The Coral Symbiomics Lab
Red Sea Research Center
Division of Biological and Environmental Science and Engineering

Publications in 2017

Association of coral algal symbionts with a diverse viral community responsive to heat shock

​Brüwer, J. D., S. Agrawal, Y. J. Liew, M. Aranda, and C. R. Voolstra. "Association of Coral Algal Symbionts with a Diverse Viral Community Responsive to Heat Shock." BMC Microbiology 17, no. 1 (2017).
Brüwer J. D., Agrawal S., Liew Y. J., Aranda M., Voolstra C. R.
RNA-Seq, Transcriptomics, Virus, Symbiodinium, Coral reef, Heat shock, Climate change
2017
​Stony corals provide the structural foundation of coral reef ecosystems and are termed holobionts given they engage in symbioses, in particular with photosynthetic dinoflagellates of the genus Symbiodinium. Besides Symbiodinium, corals also engage with bacteria affecting metabolism, immunity, and resilience of the coral holobiont, but the role of associated viruses is largely unknown.

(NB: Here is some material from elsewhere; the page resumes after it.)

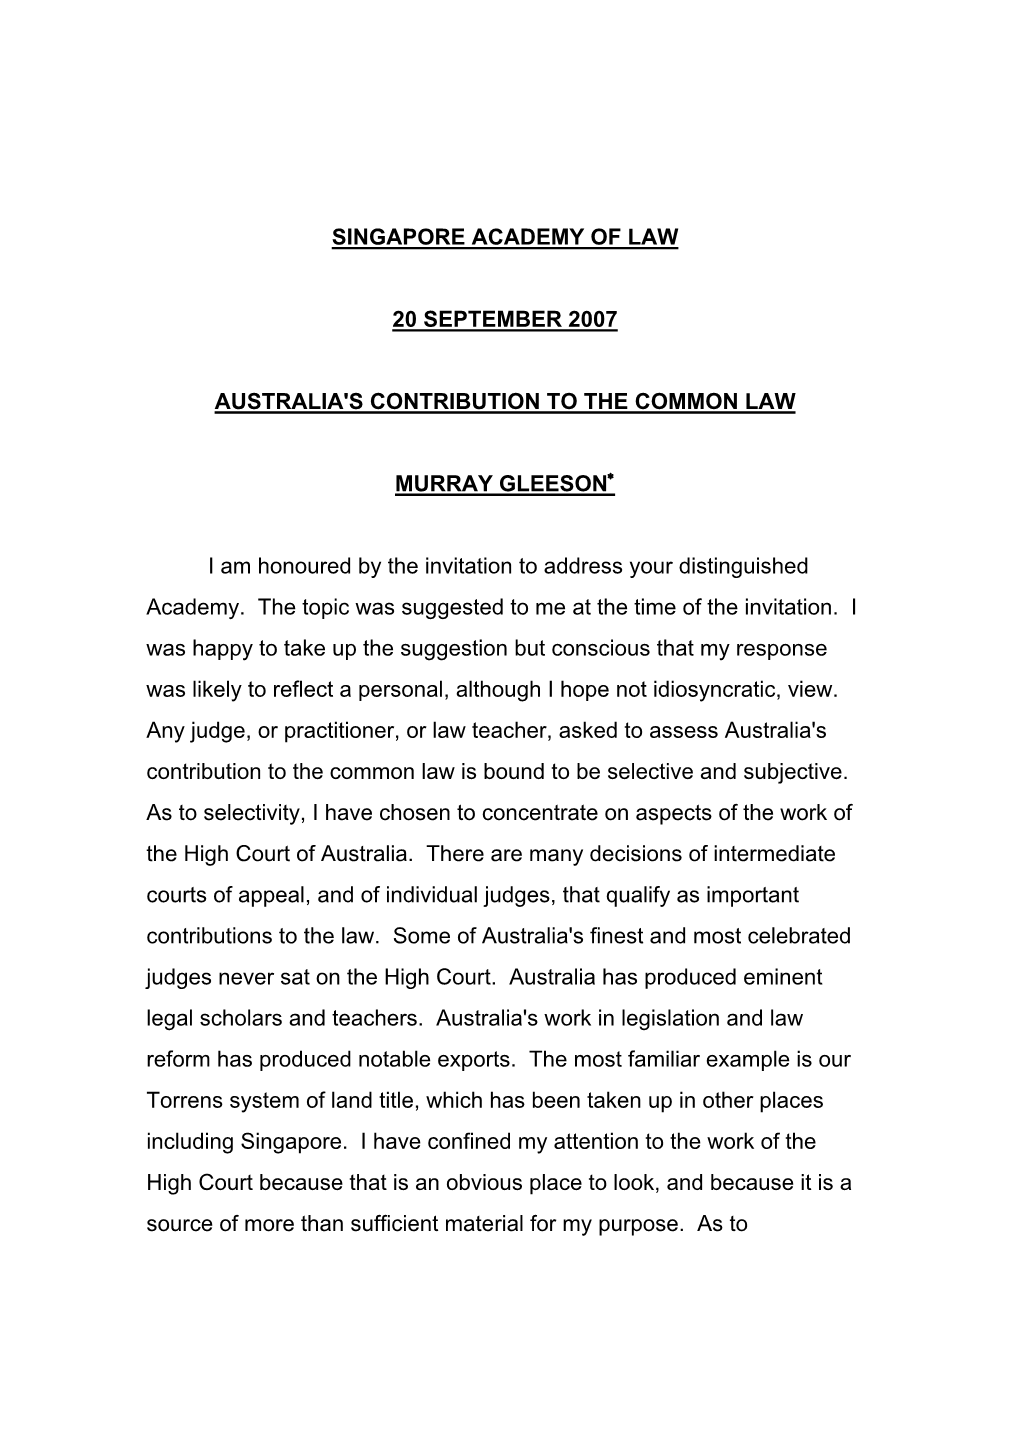 Australia's Contribution to the Common Law

In this regard, the increase of studies using RNA sequencing (RNA-Seq) to assess gene expression provides an opportunity to elucidate viral signatures encompassed within the data via careful delineation of sequence reads and their source of origin. Results: Here, we re-analyzed an RNA-Seq dataset from a cultured coral symbiont (Symbiodinium microadriaticum, Clade A1) across four experimental treatments (control, cold shock, heat shock, dark shock) to characterize associated viral diversity, abundance, and gene expression. Our approach comprised the filtering and removal of host sequence reads, subsequent phylogenetic assignment of sequence reads of putative viral origin, and the assembly and analysis of differentially expressed viral genes. About 15.46% (123 million) of all sequence reads were non-host-related, of which <1% could be classified as archaea, bacteria, or virus. Of these, 18.78% were annotated as virus and comprised a diverse community consistent across experimental treatments. Further, non-host related sequence reads assembled into 56,064 contigs, including 4856 contigs of putative viral origin that featured 43 differentially expressed genes during heat shock. The differentially expressed genes included viral kinases, ubiquitin, and ankyrin repeat proteins (amongst others), which are suggested to help the virus proliferate and inhibit the algal host's antiviral response. Conclusion: Our results suggest that a diverse viral community is associated with coral algal endosymbionts of the genus Symbiodinium, which prompts further research on their ecological role in coral health and resilience.